Parallel codes in CPU and GPU were developed for the resolution of free-surface flow for open channels. Numerical parallelization was achieved by using the explicit Hartree method applied to the Saint-Venant equations, and by making linear the equations for external and internal boundary conditions. As the trajectories of the gates, boundary conditions, and off-take withdrawals can be modeled with piece-wise functions due to the flow behavior in irrigation canals, the prediction horizon has been discretized in Regulation Period and Jump Step. Taking these ideas into account, a solver has been implemented that solves the non-linear Jump Step part on the CPU and the linear Regulation Period part on the GPU.

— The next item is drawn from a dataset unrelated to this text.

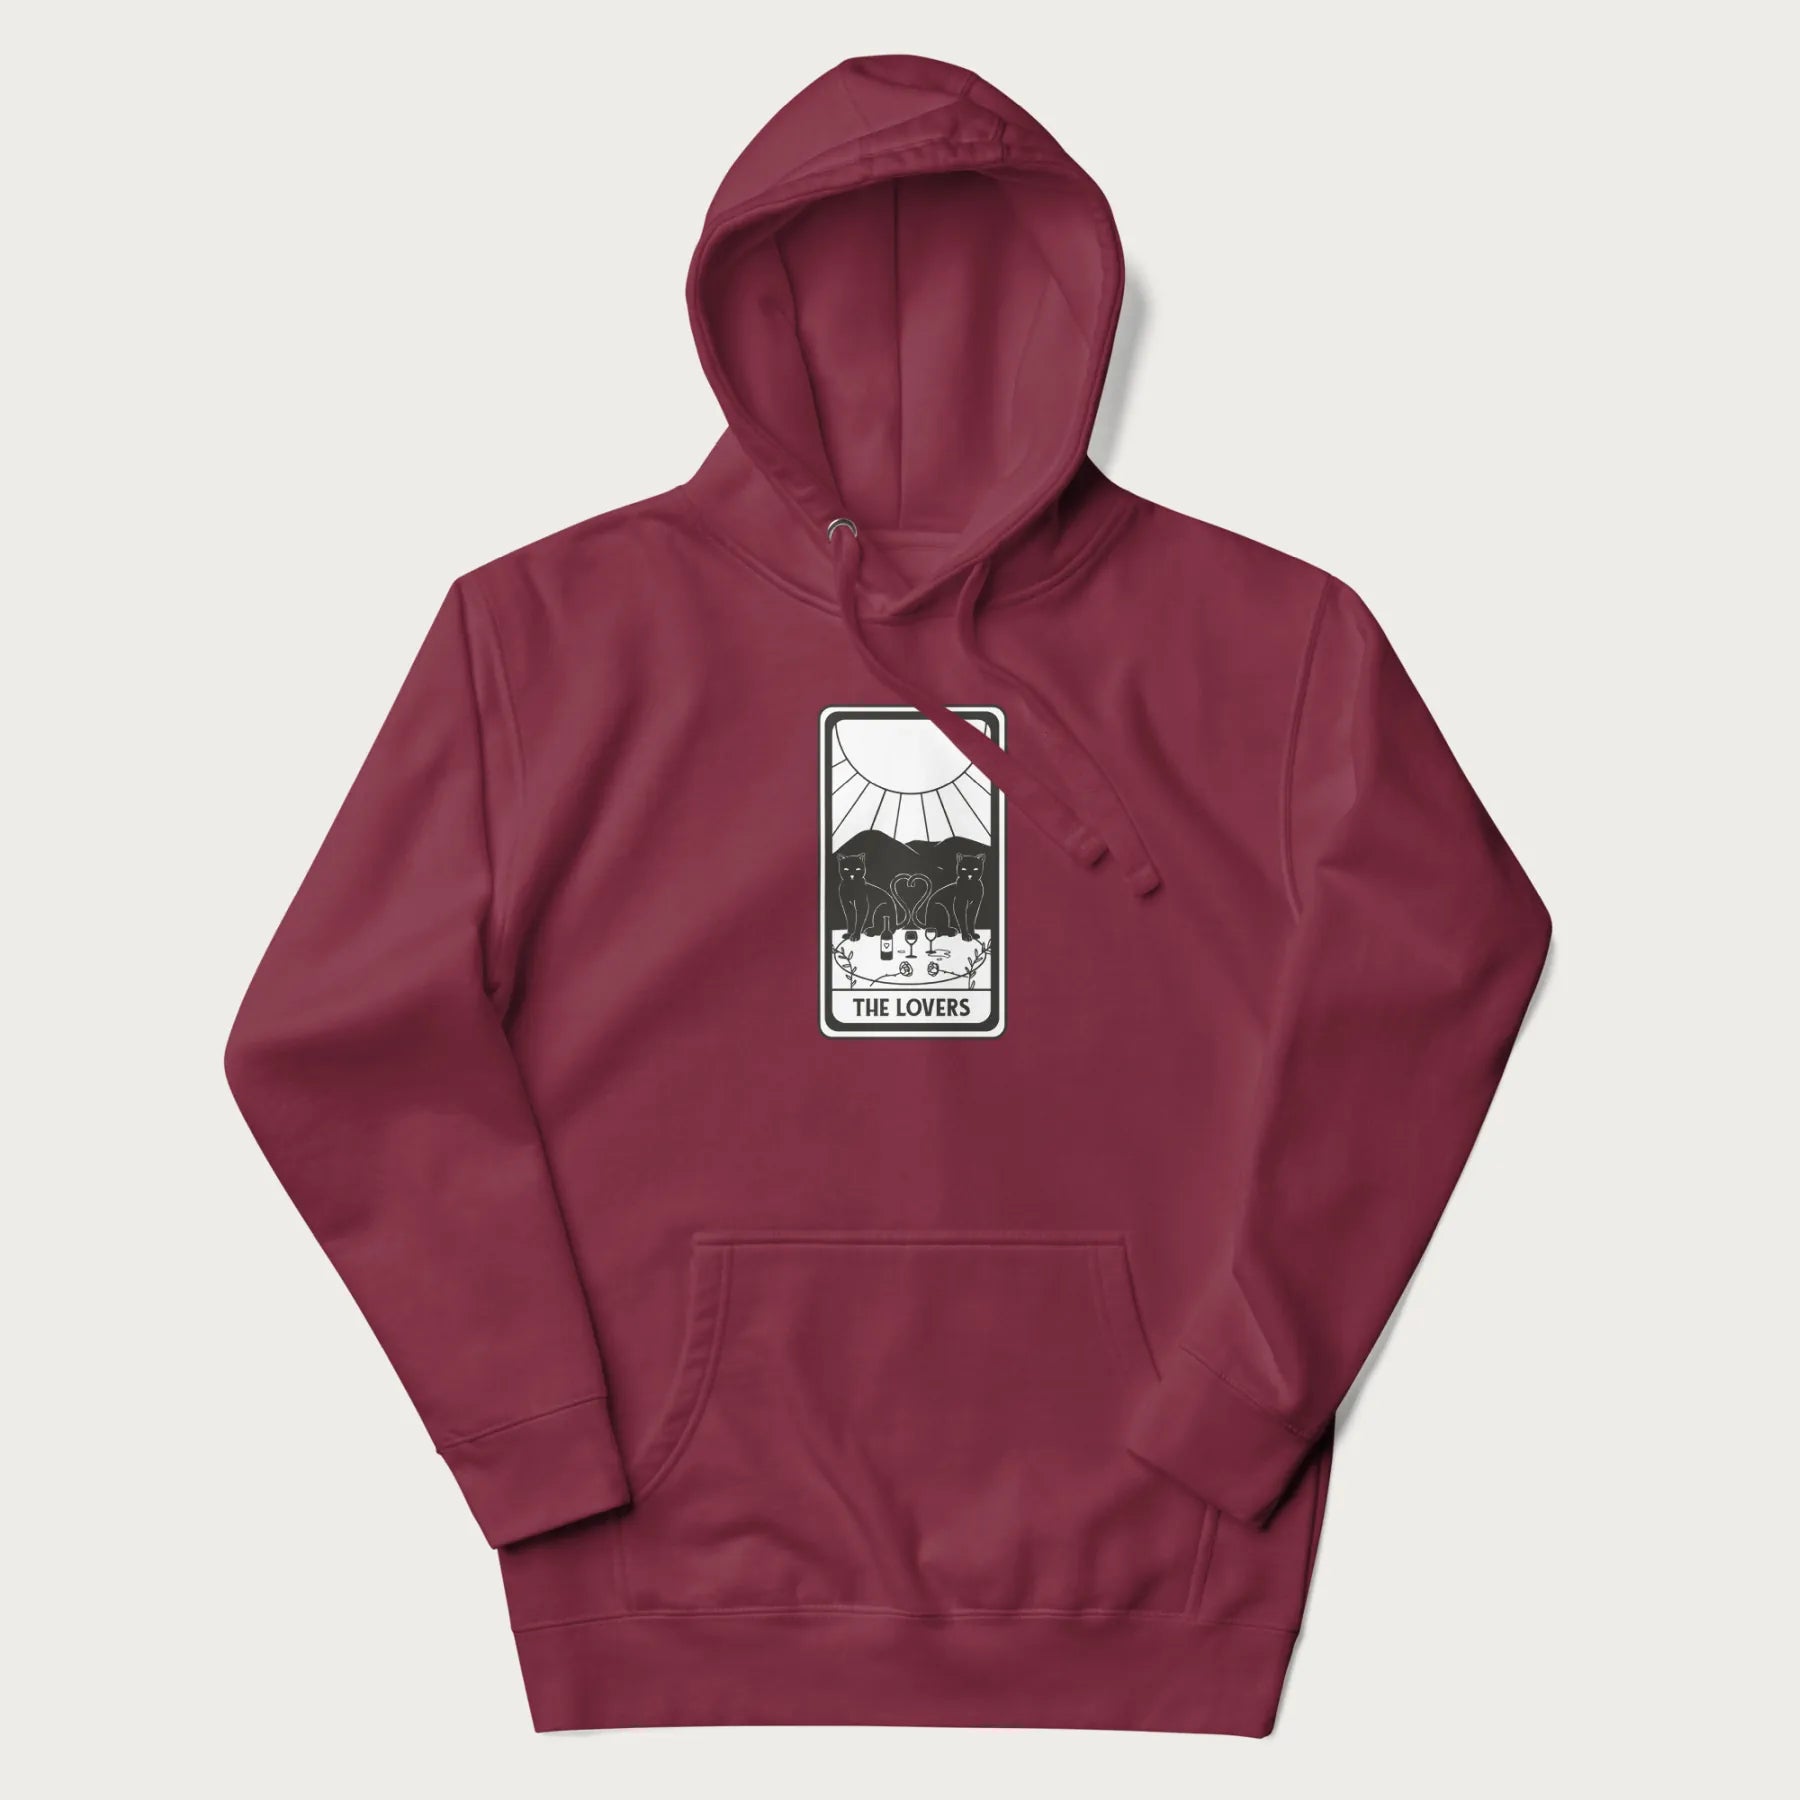 Maroon hoodie with a 'The Lovers' tarot card graphic of two cats with intertwined tails forming a heart, wine, and roses.

The Corning Canal benchmark test 2.2 by the ASCE Task Committee on Canal Automation Algorithms was used for the performance evaluation. It was found that the parallel version in C-CUDA in GPU allows the problem to be solved in much less time than the FORTRAN version in CPU.

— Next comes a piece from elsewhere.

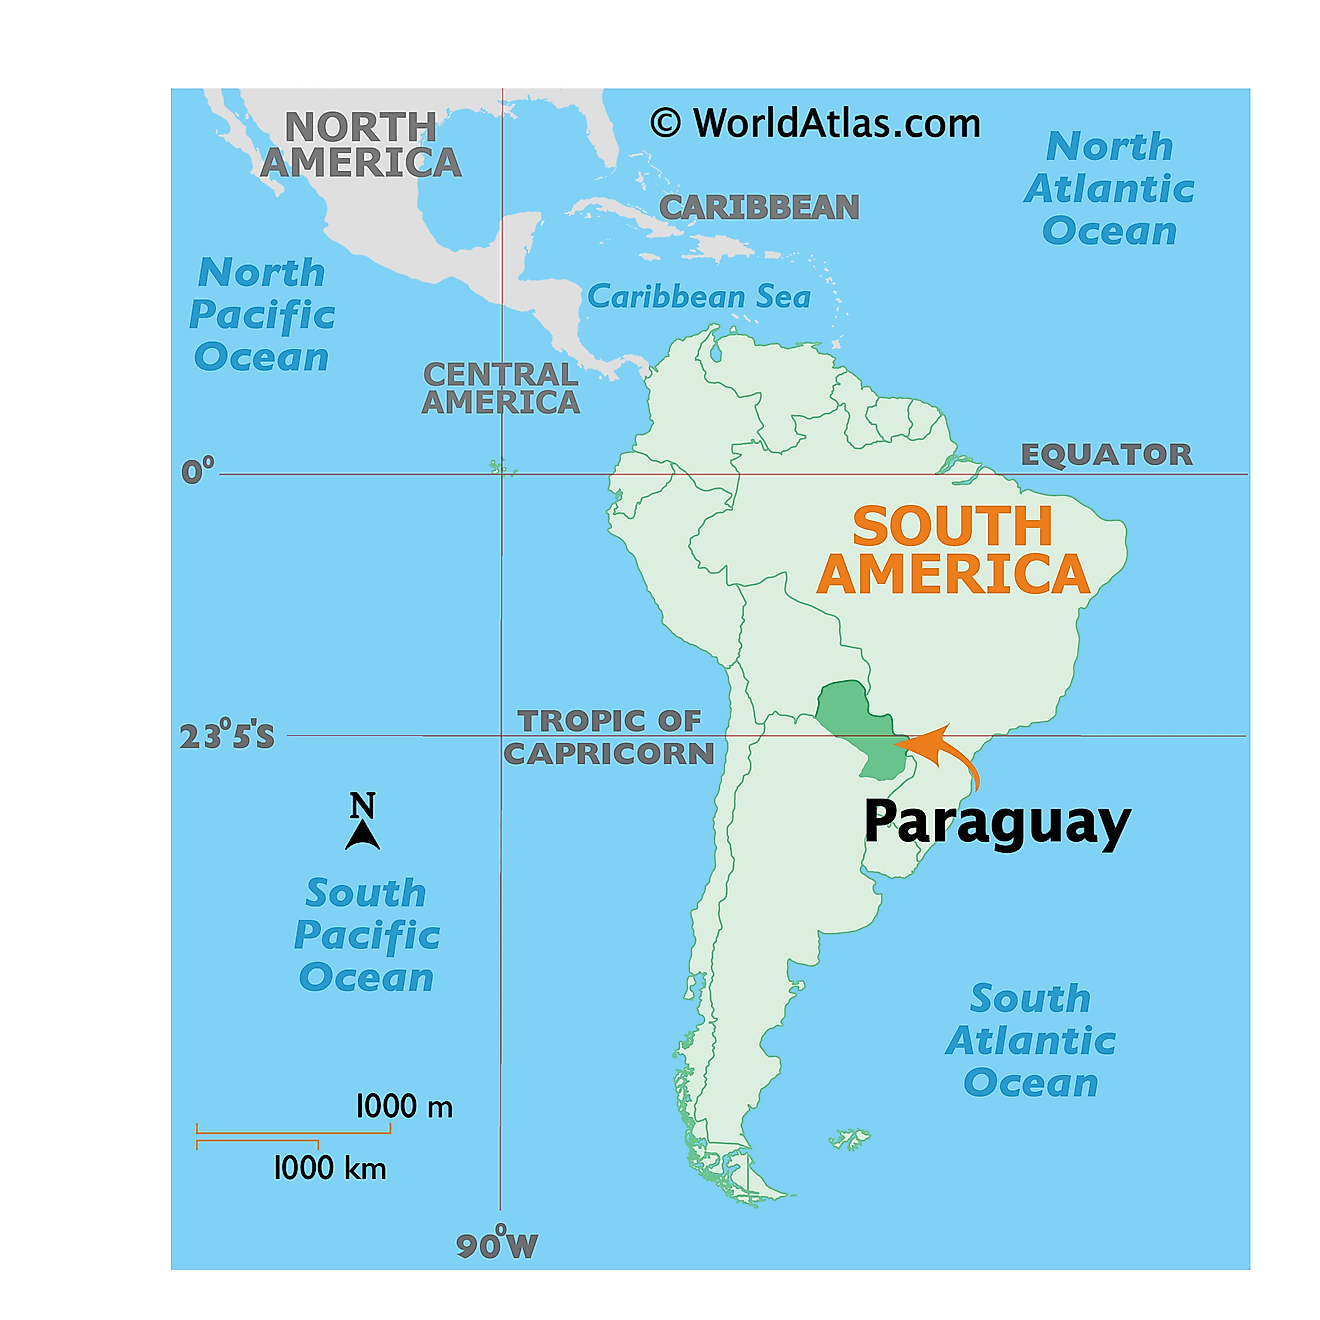 Where is Paraguay?

Finally, a study of the sensitivity of the ratio of computation speed to the level of discretization has been carried out. As a result, the existence of a trend change limit point is suggested. This point is associated with specific computer equipment used by the calculations. Discretization below this point gives lower speed ratios and their behavior seems to be linear and less sensitive to changes in discretization. In contrast, dense discretization is more sensitive to changes in the cell size.
DATA AVAILABILITY STATEMENT
All relevant data are included in the paper or its Supplementary Information.